Avec le recul, qu’est ce que vous améliorerez ?

Premièrement, je mettrai en place une évaluation 360° de chaque manager avant la formation et après. En recueillant les feedbacks de leurs managés, de leurs managers et de leurs homologues.  Cela permettrait de mieux évaluer les progrès. .

Ensuite, je proposerai d’intégrer des OKR liés aux primes sur objectif en gros, incentiver les managers.

Pour finir, je réaliserais plus de marketing RH pour que les opérationnels puissent mieux suivre le projet et nous challenger nous, en tant que manager, “Faire et faire savoir “

Quels conseils donneriez-vous à une personne souhaitant s’inspirer de votre expérience ?

Le premier conseil a déjà été évoqué, la formation sur 3 jours au vert n’est pas adaptée ! Les compétences acquises doivent être appliquées au sein de l’entreprise. Pour que la formation soit bénéfique pour le collaborateur et l’entreprise, elle se doit d’être adaptée aux situations professionnelles du quotidien.
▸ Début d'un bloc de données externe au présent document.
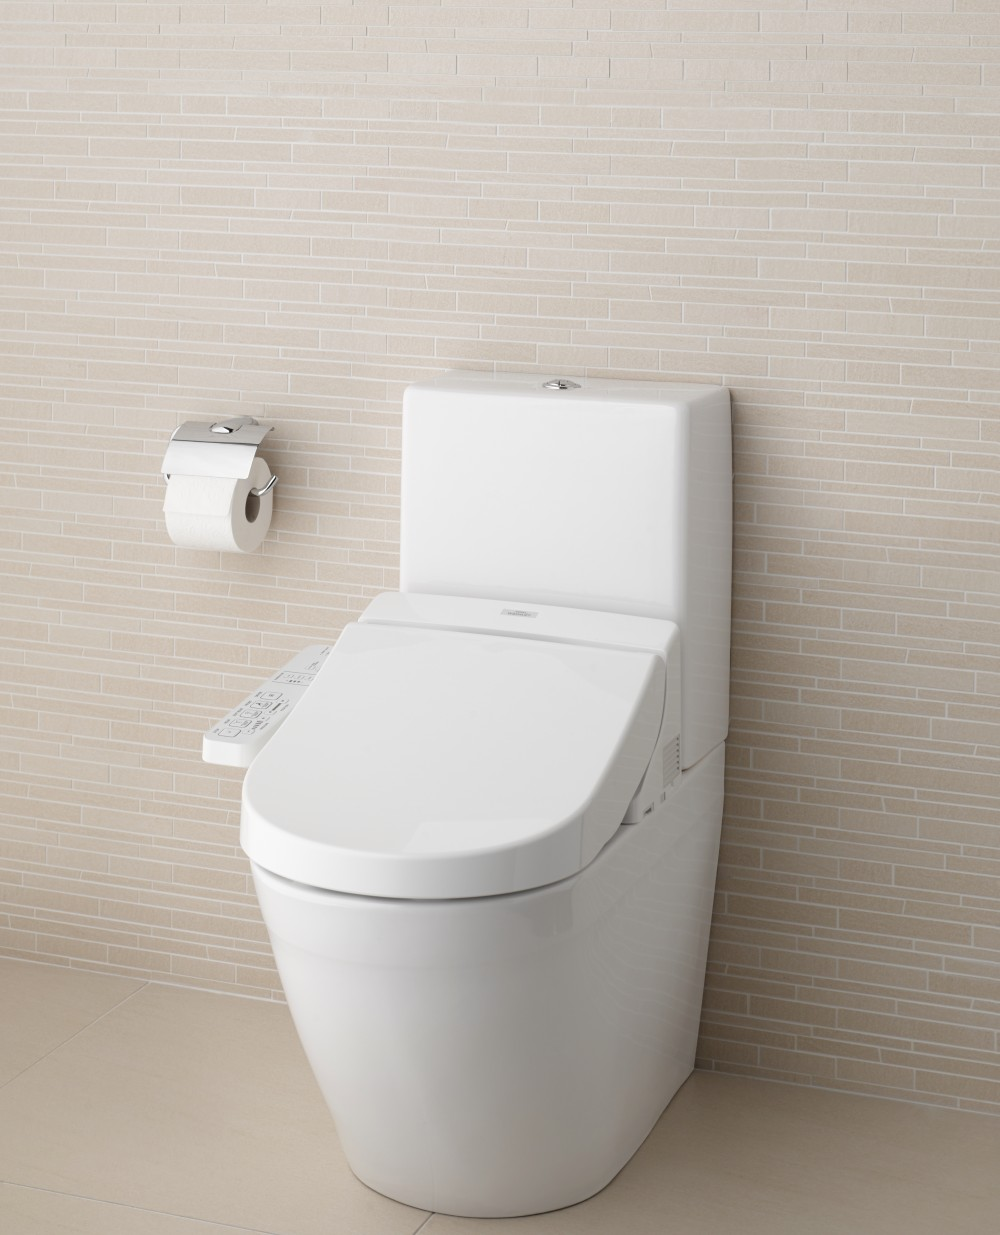 TOTO WASHLET EK Japanese Toilet Bidet Seat Tooaleta - Toto japanese toilet seat

Le second conseil concerne les guides managériaux, ils sont souvent très bien construits mais ne sont lus que par les RH. nous devons accompagner les managers dans leur appropriation des méthodes, concept, postures ..

Pour finir, la culture managériale est selon moi une “never-ending story”. La culture managériale se travaille au quotidien et dans la durée…

Quels sont les résultats de ce projet ?

Nous sommes très “Google Form” à  Schoolab ! Nous avons effectivement recueilli du feedback mais n’avons pas mis en place de metrics.

Le principal retour de nos managers est qu’ils ont réellement gagné en confort grâce à une définition claire des attendus.

Les moments d’échanges leur ont permis de se sentir moins seuls sur les problématiques touchy.

Plus que les méthodes ou techniques, les managers se sont sentis plus à l’aise avec l’aspect plus “directif” du management, nécessaire dans certaines situations ou pour certains collaborateurs, plus juniors par exemple.